╭─ Source material

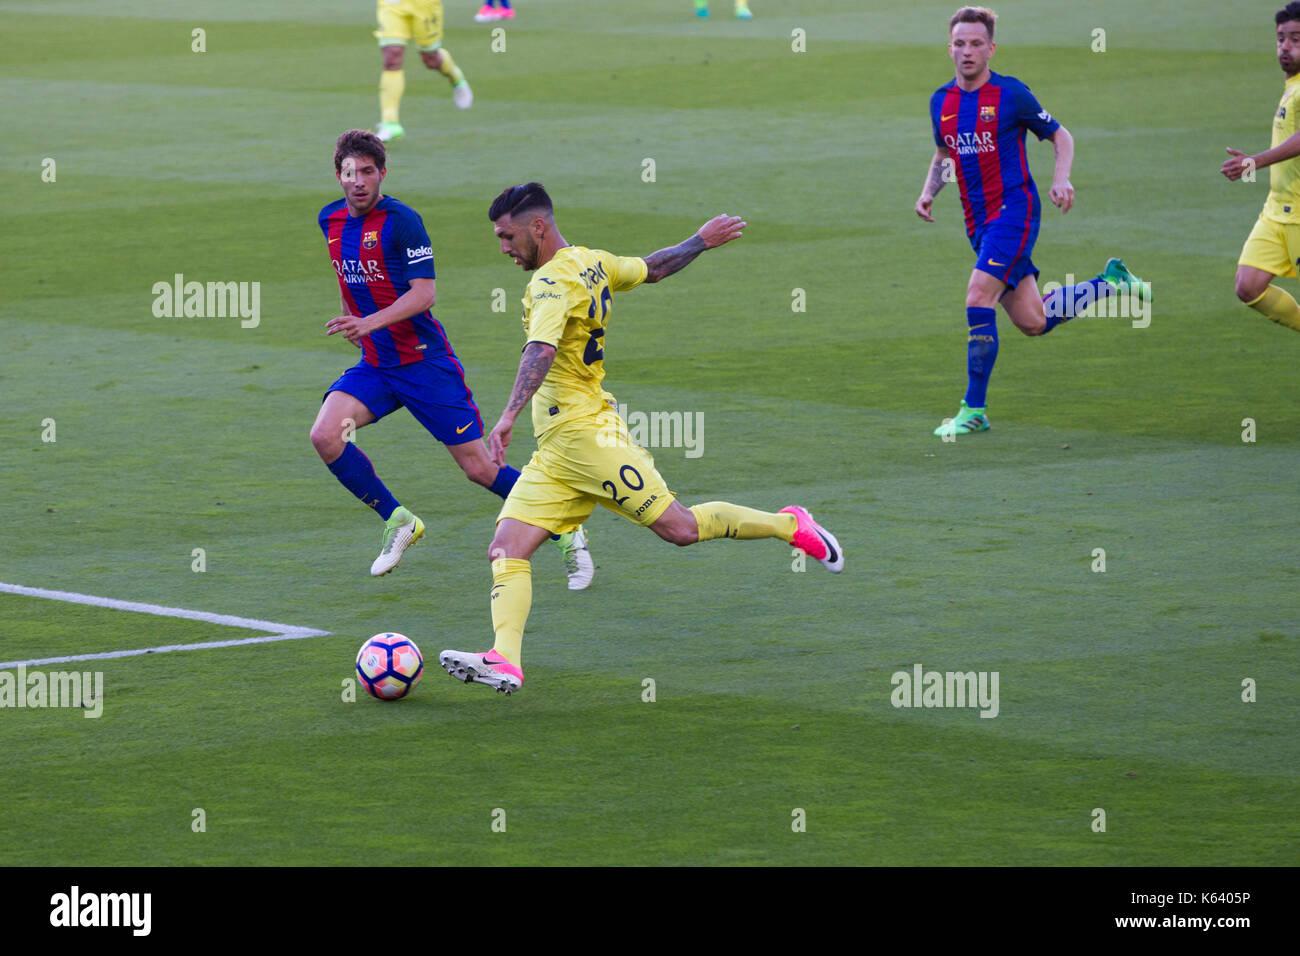 Sergi Roberto of FC Barcelona - 6/5/17 Barcelona v Villarreal football league match at the Camp Nou stadium, Barcelona. - Stock Image
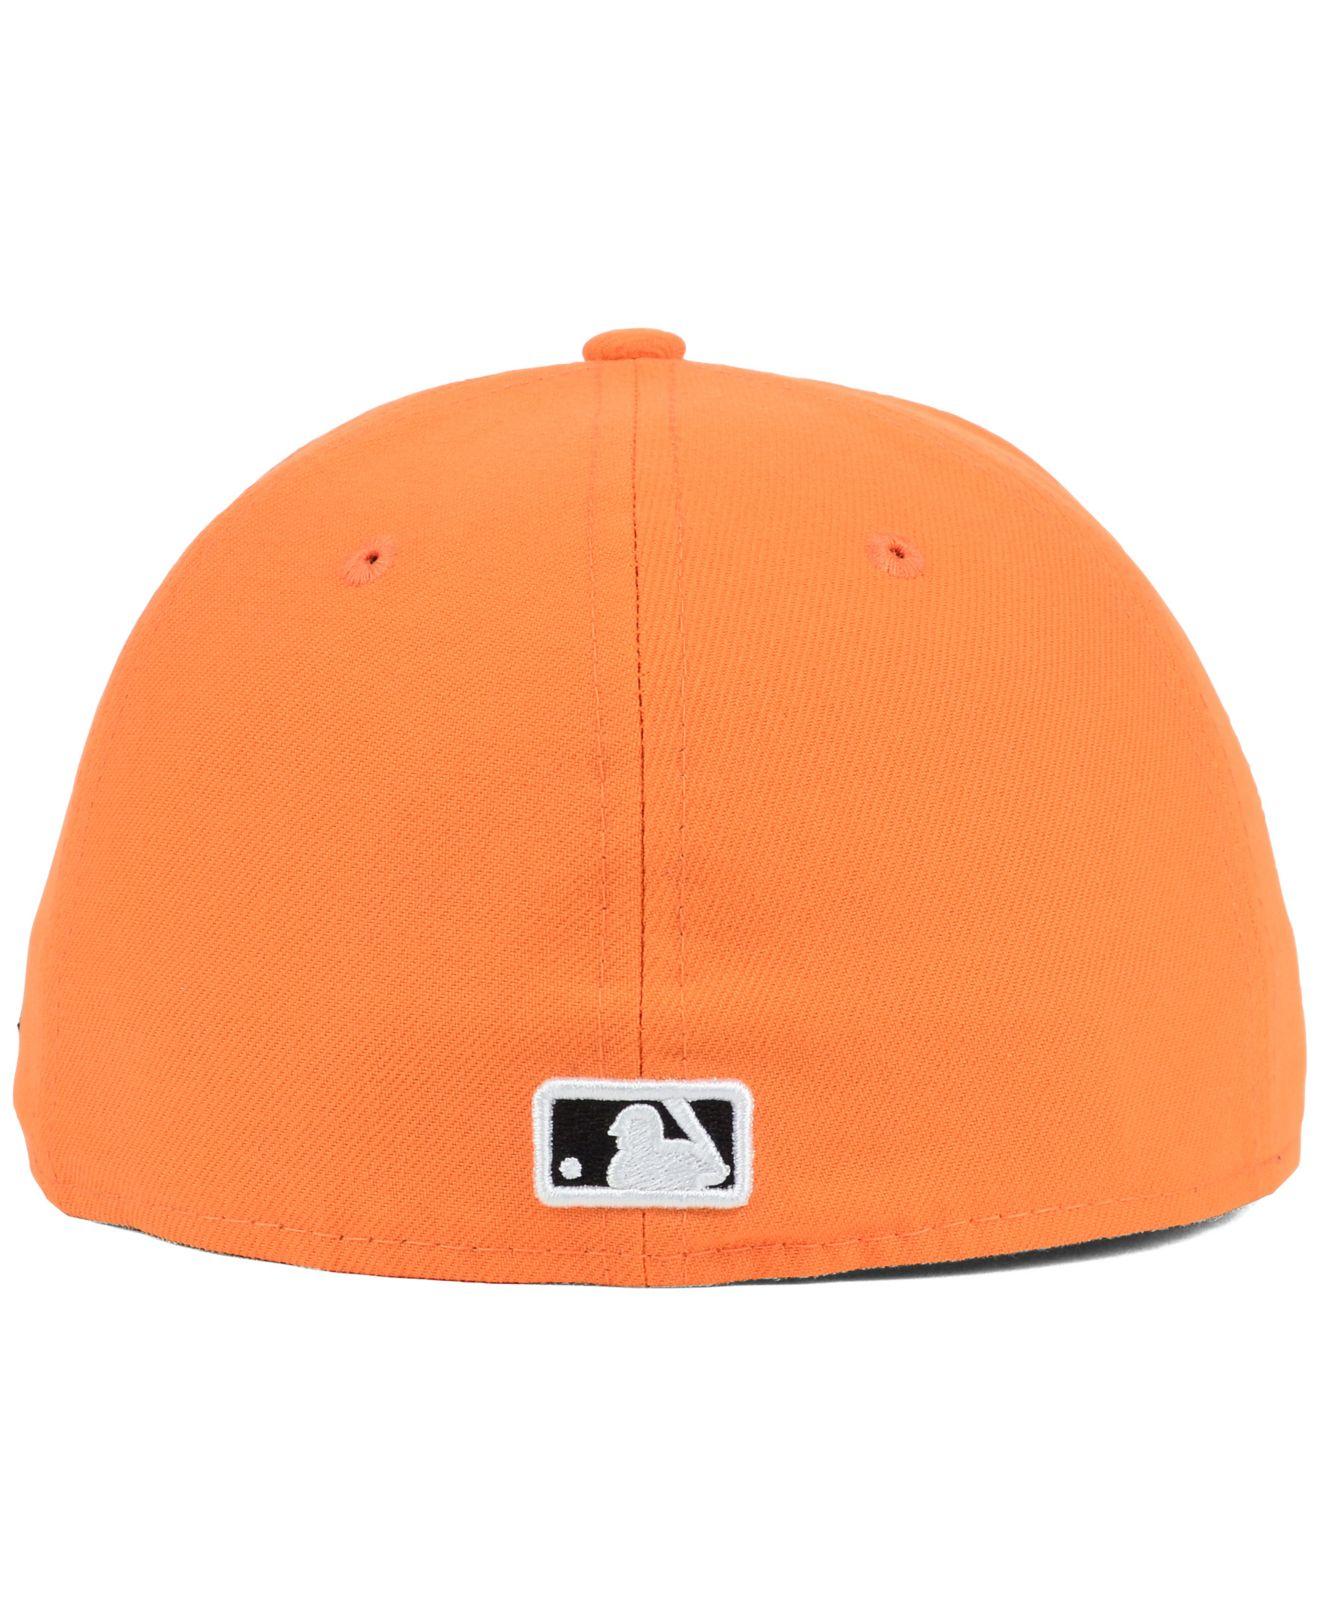 size 40 afbb3 48038 Lyst - KTZ New York Yankees C-Dub 59Fifty Cap in Orange
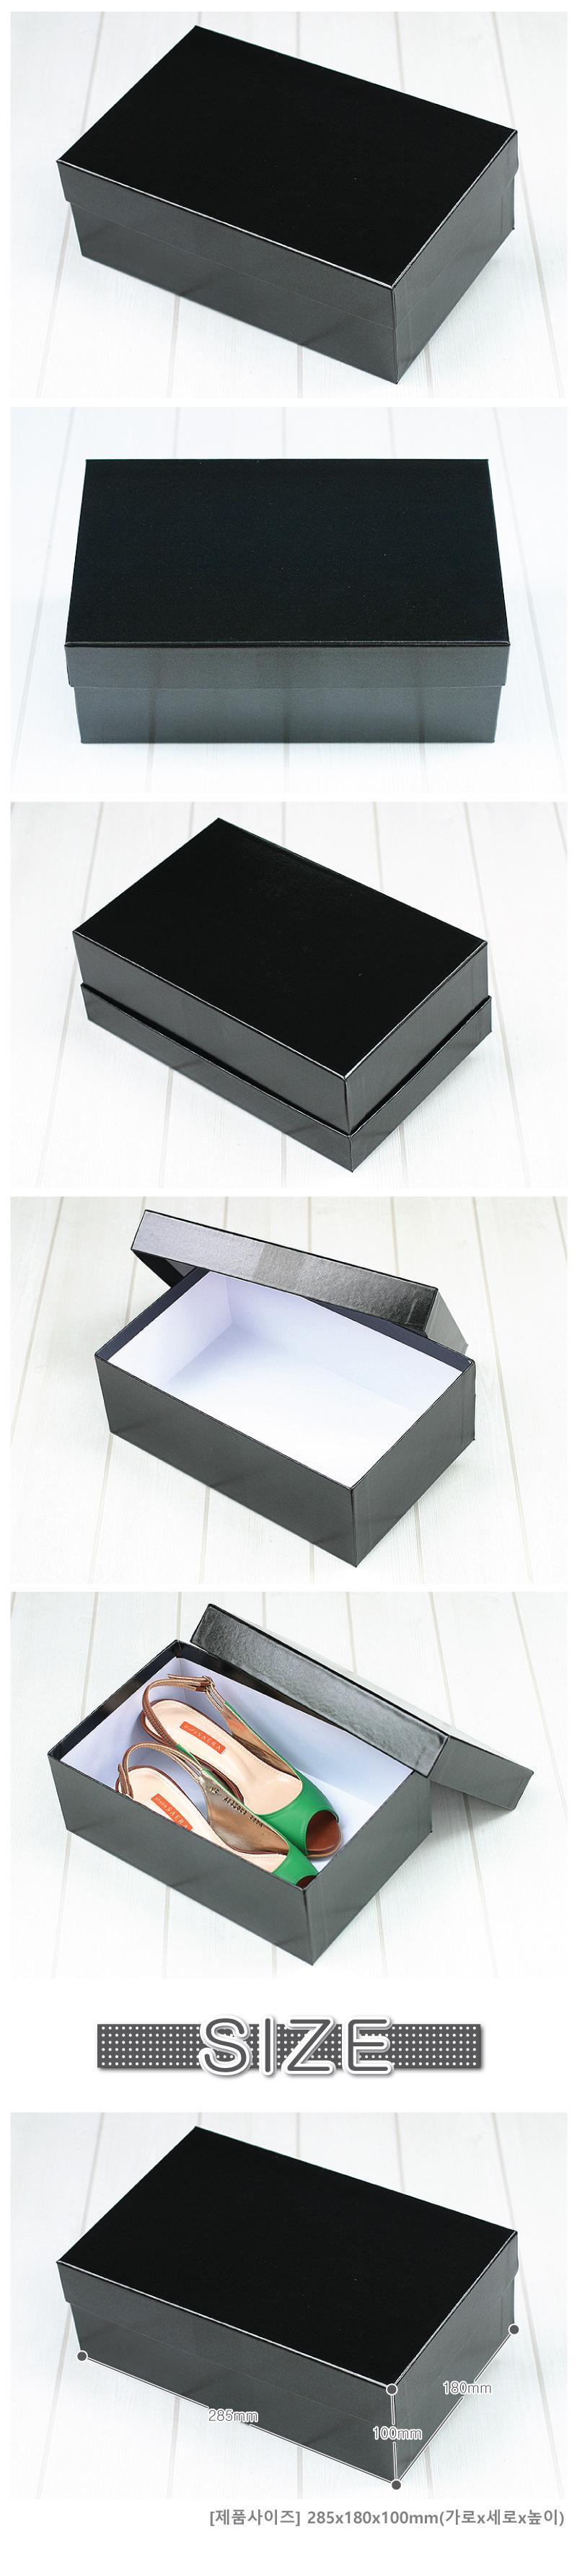 black285ssabari.jpg

╰─

[Task item] Transcribe all lines above exactly, skipping pictures.

[Answer space]
 Sergi Roberto of FC Barcelona - 6/5/17 Barcelona v Villarreal football league match at the Camp Nou stadium, Barcelona. - Stock Image
 size 40 afbb3 48038 Lyst - KTZ New York Yankees C-Dub 59Fifty Cap in Orange
 black285ssabari.jpg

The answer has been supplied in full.